Our Story

Origins and foundations of SharedIntel AI

(as told by Emma Farquharson, Ph.D.)

Why I started here: research training and a practical method

Every founder’s story starts with a question, and mine began in the research lab. I trained in molecular genetics, living and breathing the scientific method and dedicating my life to understanding what drives real change, both in nature and in people. Over time, that discipline became more than a research habit—it became a teaching habit.

It’s also the core of how we approach AI adoption: test → observe → refine. Not guessing. Not chasing trends. Not treating a tool like a shortcut. We focus on repeatable learning and practical implementation—so teams can build capability without relying on hype or “magic thinking.”

The original question: how does AI become usable for real people?

SharedIntel AI didn’t begin as a technology trend project. It began with skepticism, curiosity, and a specific problem: most professionals were being asked to care about AI without being shown how it connects to their reality.

Claire and I launched SharedIntel AI with an early philanthropic intent: to explore how AI could be empowering at the individual level—not as theory, but as something people could use in their own work. Over time, that aim became more operational and more specific: helping organizations build internal AI capability so their teams aren’t dependent on consultants and aren’t stuck in endless tool experimentation.

Access matters, but access alone doesn’t produce results. What matters is whether people leave with confidence, practical habits, and measurable progress.

What changed our approach: learning across contexts

In our first year, we spent significant time traveling through Asia. We weren’t looking for novelty. We were looking for perspective, on how people in different environments understand technology, adopt it, resist it, and learn it.

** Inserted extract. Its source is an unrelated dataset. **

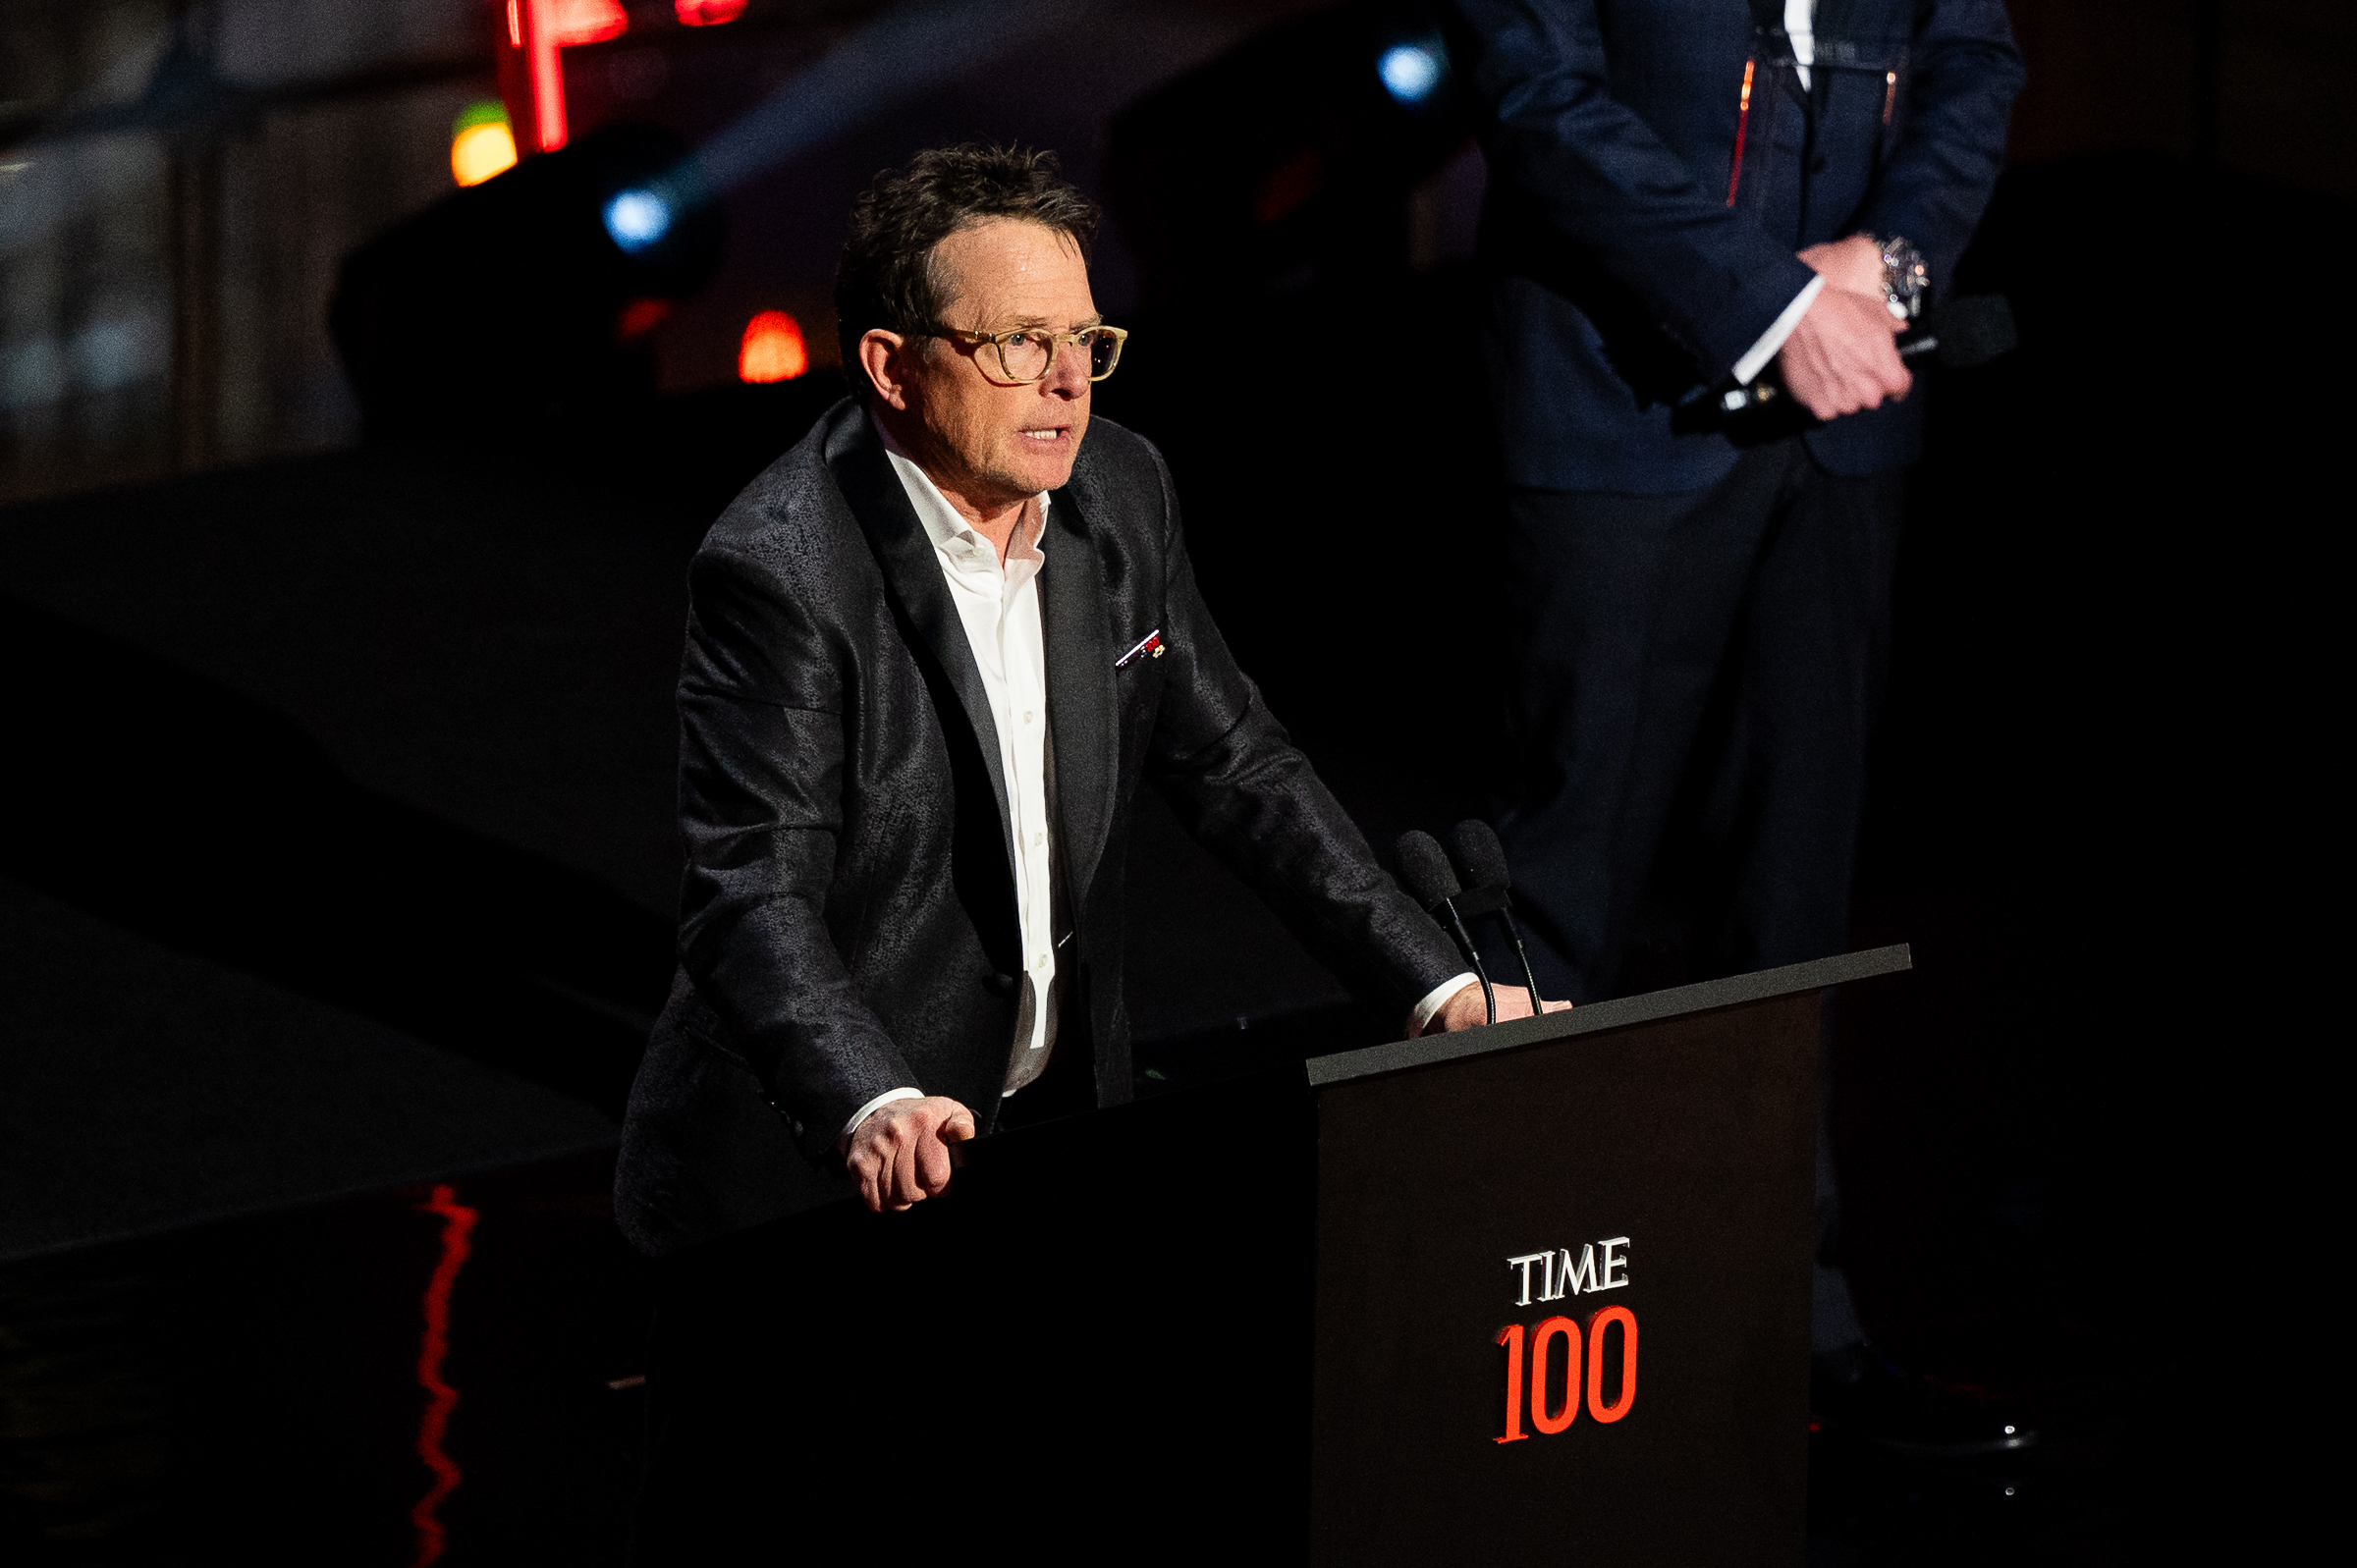 Michael J. Fox speaks at the TIME 100 Gala

That experience forced us to design for reality. In some settings, foundational digital skills were still a daily barrier. It became obvious that AI adoption fails when training assumes a baseline that isn’t actually shared. In many organizations, adoption collapses when only one person becomes “the AI person,” while everyone else stays uncertain.

That shaped one of our lasting design rules: teach in a way that works organization-wide—for employees, managers, and leadership—because implementation requires shared understanding.

A recurring pattern: resistance is usually a context problem

One of the simplest examples came from home. When I tried to explain AI to my father—an intelligent, experienced professional—he didn’t reject it. It simply didn’t connect. No one had anchored the concept to a use case that mattered to him.

We saw the same pattern repeatedly with business teams. Resistance rarely comes from inability. It comes from lack of relevance. AI feels abstract until it is tied to a real pressure point.

So we learned to begin in the same place every time: with the client’s lived constraints—time, margin, customer expectations, staffing gaps, decision fatigue—then map AI to one specific friction point at a time.

The pivot: from “tools” to listening and workflow reality

That shift changed everything. We stopped thinking in terms of “products” and started thinking in terms of people, workflows, and conditions.

We asked better questions. We listened longer. We learned how culture, experience, and risk tolerance shape adoption. We paid attention to the invisible load technology can add—especially in industries that already run at capacity.

That approach required effort and humility. It also created trust. Clients don’t need to be impressed; they need solutions that match how their teams actually work.

Why print and signage became a proving ground

Some of our earliest, strongest traction came from the print and signage world—an industry with operational complexity, tight deadlines, and constant margin pressure. In that environment, small improvements compound quickly, and unclear workflows create immediate cost.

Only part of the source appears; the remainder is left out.